Monday, Nov. 27, 1933
New Play in Manhattan
Roberta (adapted by Otto Harbach from Alice Duer Miller's Gowns by Roberta, score by Jerome Kern; Max Gordon, producer) is another gallant try at making a handsome, funny and affecting play with music and dancing, girls and dresses. Plot: a U. S. college boy loses his girl because she thinks he is "small-town." To forget her, he visits his Aunt Minnie (Fay Templeton) who is Roberta, a famed Paris dressmaker. Planning to will her establishment to her assistant, a onetime Russian princess (Tamara), Aunt Minnie dies without signing the will, thus forcing her nephew-heir to turn dressmaker. The princess and the college boy go into partnership, fall reticently in love. The boy's old girl reappears, takes her young man back.
This exposition has taken a slow hour and not a chorus girl has yet been seen. Fay Templeton, a turtle-like little old (67) lady, has sung one charming song with the pinched remains of a fine alto voice, and then died. Composer Jerome Kern has supplied half .a dozen excellent tunes. Appearing as a customer of Aunt Minnie, Lyda Roberti has got her usual comedy out of wriggling her stomach to show that she is a dangerous woman and waving her arms to show that she is a tomboy. Finally novelty appears.
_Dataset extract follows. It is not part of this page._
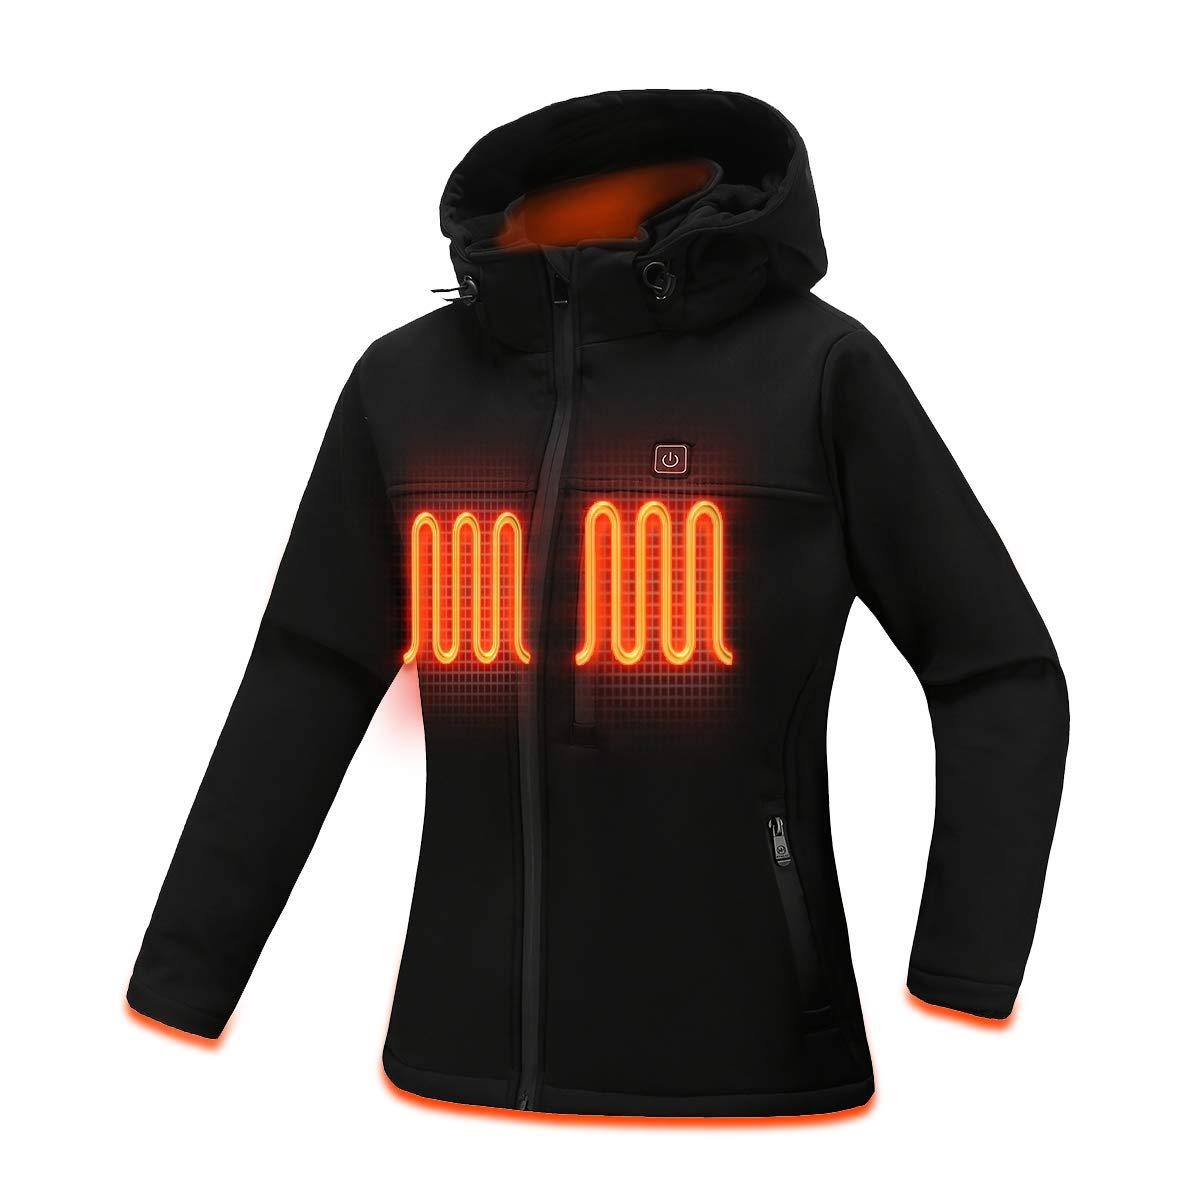 MYHEAT Women's Heated Jacket Soft Shell Eletric Heated Jacket with Detachable Hood and Battery Pack

It is a mannequin show with a band, girls and dresses. An extraordinary chorus dance in the exotic style of Rockefeller Center Music Hall is done by girls in pastel -spangled, long -trained dresses. They wade, twitch, writhe. The result is effective.
Good sets by Designer Clark Robinson include a barroom walled solid with bottles, and a Russian cafe.
Good songs: "Let's Begin," "Alpha, Beta, Pi," "I'll be Hard to Handle." Typical line: "I wish I were in Russia. I'd put her on the Five Year Plan."